• _WORK ITEM_
From the records below, print exactly the lines starting at the one containing "Miljana Kulić hakovan profil" and ending at the one containing "Chrystelle Atallah Spring-summer", ends included, and nothing else.

Start of RECORDS FOR PROCESSING

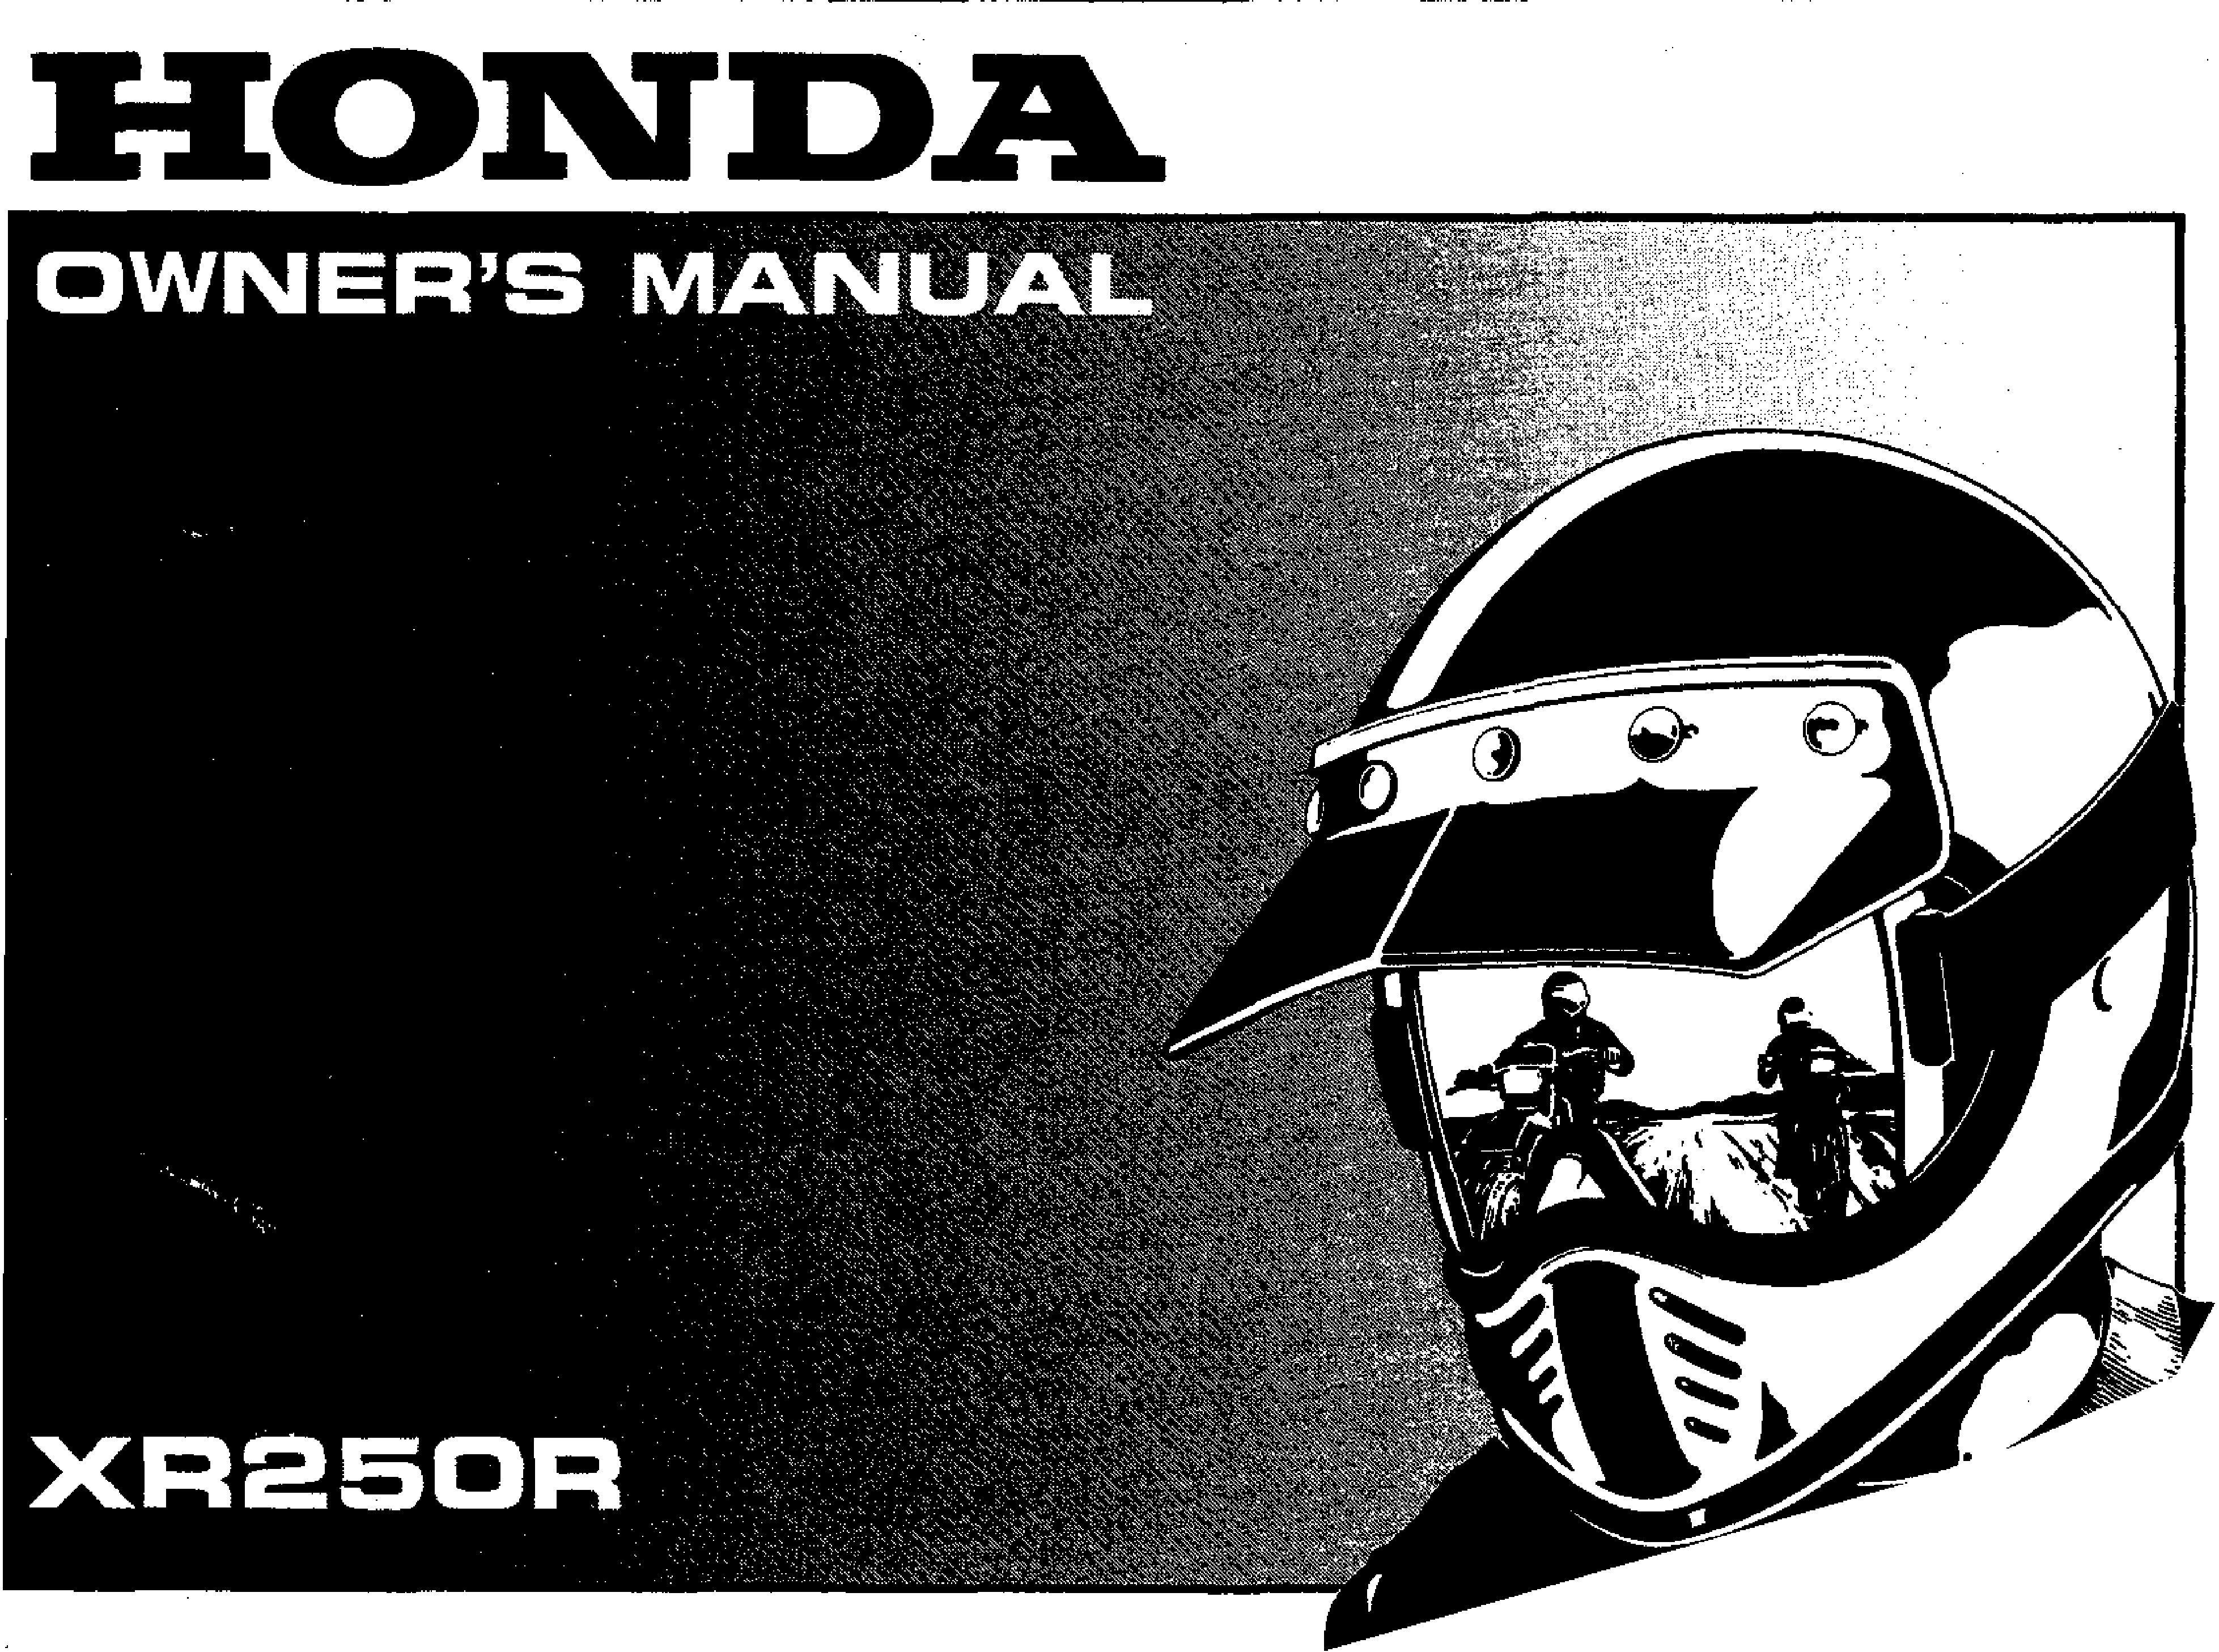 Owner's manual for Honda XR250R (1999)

End of RECORDS FOR PROCESSING
Start of RECORDS FOR PROCESSING

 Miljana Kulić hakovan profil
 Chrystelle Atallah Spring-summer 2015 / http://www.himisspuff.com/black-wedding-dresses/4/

End of RECORDS FOR PROCESSING

• _EXERCISE RESULT_
 Miljana Kulić hakovan profil
 Chrystelle Atallah Spring-summer 2015 / http://www.himisspuff.com/black-wedding-dresses/4/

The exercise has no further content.